# Pink marble walkway



## Reel Low Dad (Jun 1, 2017)

Finally got around to setting my Tennessee pink marble. Have an acid wash next to bring out the color and seal it before filling with mortor.


----------



## Ware (Jan 28, 2017)

Cool. Anxious to see the results!


----------



## pennstater2005 (Jul 17, 2017)

Very nice! So without me having to Google it, what does the acid wash do?


----------



## Reel Low Dad (Jun 1, 2017)

pennstater2005 said:


> Very nice! So without me having to Google it, what does the acid wash do?
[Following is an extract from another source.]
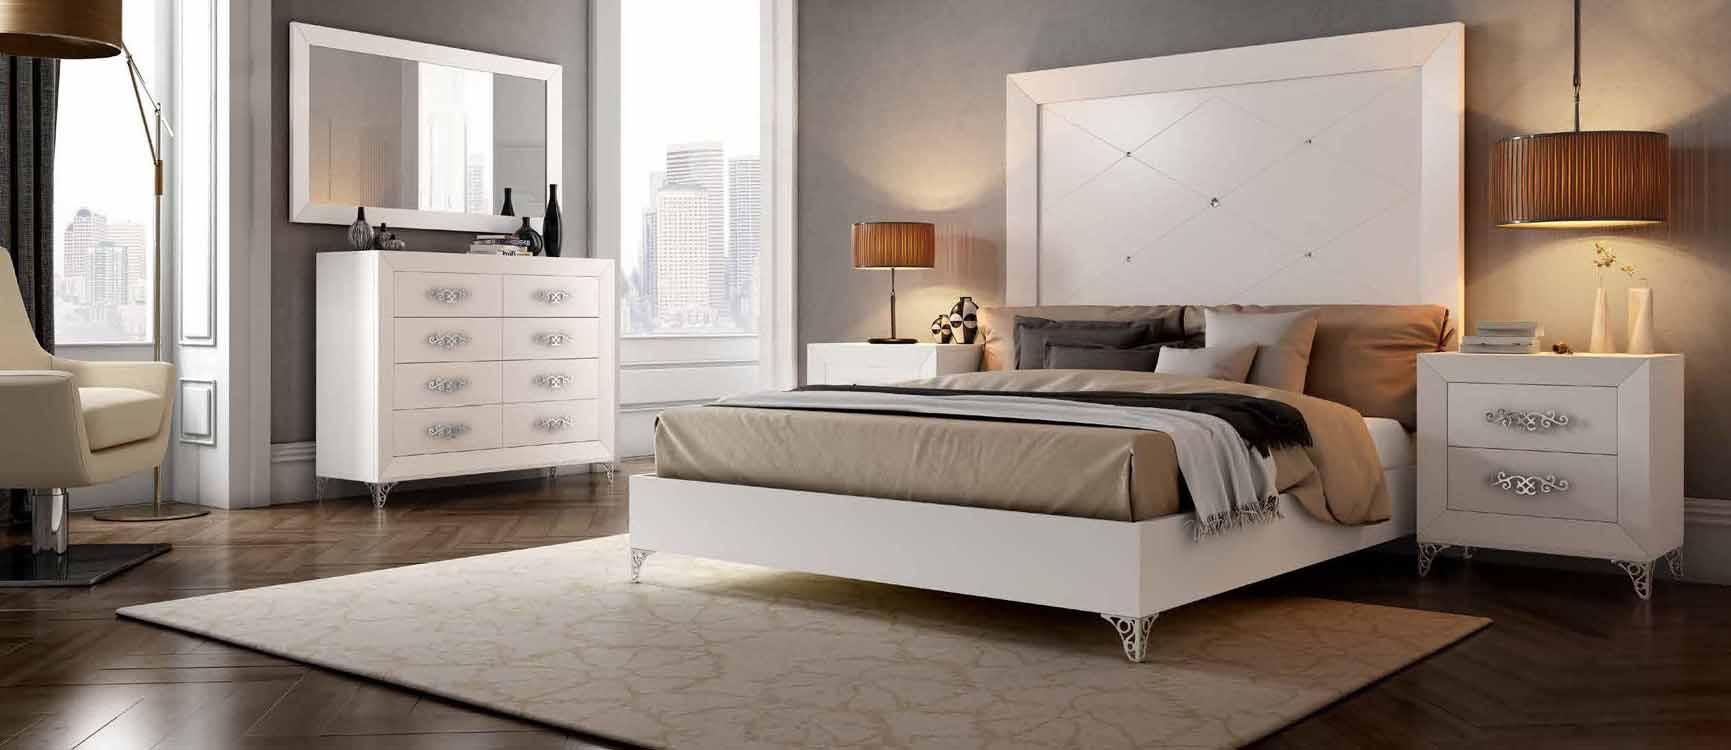 http://www.munozmuebles.net/nueva/catalogo/dormitorios1-2098-silene-9.jpg -  Fotografías con muebles con imágenes

The marble has years of dirt and build up. The acid just eats it off so it will leave it nice and clean. After I neutralize it and rinse I will apply a sealer to help keep it clean. I placed this 6 years ago and it just filled with weeds. Finally got around to doing it right.


----------



## wardconnor (Mar 25, 2017)

I like


----------



## Reel Low Dad (Jun 1, 2017)

Here is some I put down at my old hose all cleaned up.


----------



## ericgautier (Apr 22, 2017)

I like that a lot! Nice job.


----------



## Reel Low Dad (Jun 1, 2017)

Will have to do some scraping and such but not bad


----------



## MsTin (Sep 5, 2017)

Fistertondeluxe said:


> Will have to do some scraping and such but not bad


That is real pretty!


----------